I mention all of this because I am currently basking in the afterglow of a perfect weekend. It was the kind of weekend that you not only look forward to and then back upon fondly…but one in which you know it is special while you are living it. I have found that few things ever meet our expectations…much less exceed them…and that most of us hardly know that we are living the best of times when we actually are.
But I knew this weekend. I was also reminded that God is good.
Not just because I was in the company of friends who make me want to be a better person. And not because I was the filling between two generations of wonderful women that I love dearly. Not because the weather was perfect, the house was amazing or because it has been way too long since I actually ventured outside.

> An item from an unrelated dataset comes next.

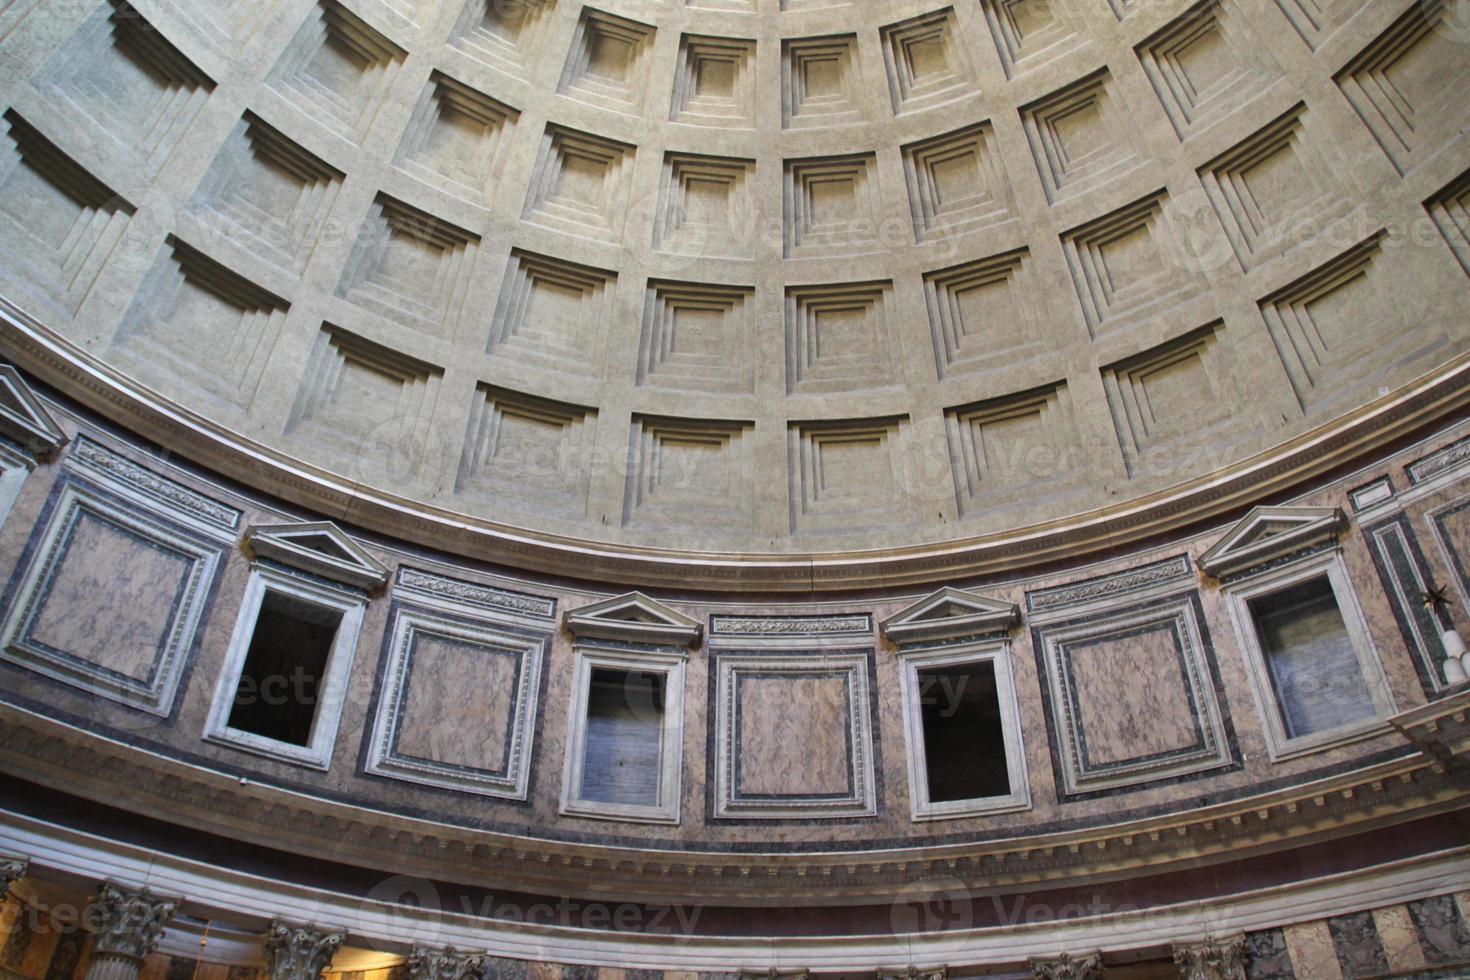 pantheon oculus a roma, italia. foto

Simply, I was reminded that God is good.
I saw my now grown daughter spend her 21st birthday in the company of women old enough to be her mothers...by her choice. She was allowed to bring a friend...and she chose my mother.
I saw that nature has indeed corrected itself and all that remains of a horrific oil spill is an occasional tar ball and the sight of people who relentlessly try to fish them out of the water in an effort to bring back the beauty and the tourists.
I witnessed people using their God-given abilities to sing gospel music…a genre that is not my favorite. But I was inspired and blessed just the same. The praise flowed and the words of a preacher totally sold-out for God were enough to raise my spirits and give me sufficient spiritual food for reflection.
I saw God’s creativity shown differently in five different women: a painter, a writer, a decorator, an actress, and a crafter.
I learned that it is possible to stay in a place that is so peaceful, so comfortable, and so wonderful that you honestly wish you never had to leave.
Oh, I don’t know what the future holds, but I do know that for three days in my recent past that there was nowhere else on earth that I would have rather been. We prayed. We talked. We laughed hysterically. We dreamed. We hoped. We enjoyed each other’s company and our time away from the stresses of life.
In short, we experienced a little taste of heaven on earth. And that time away keeps the cords that sometimes get tangled up with busyness and the daily business of living free and independent. It keeps me grounded in knowing who I am and whose I am. It reminds me that I am not alone when I struggle, and that there are ways that God has chosen to work through me that are used to add to the happiness of other people.
For this…and the wonderful generosity of a sweet friend who provided us with a beautiful place to be together, food to nourish our bodies, and prayers to feed our souls…I am grateful. Very grateful.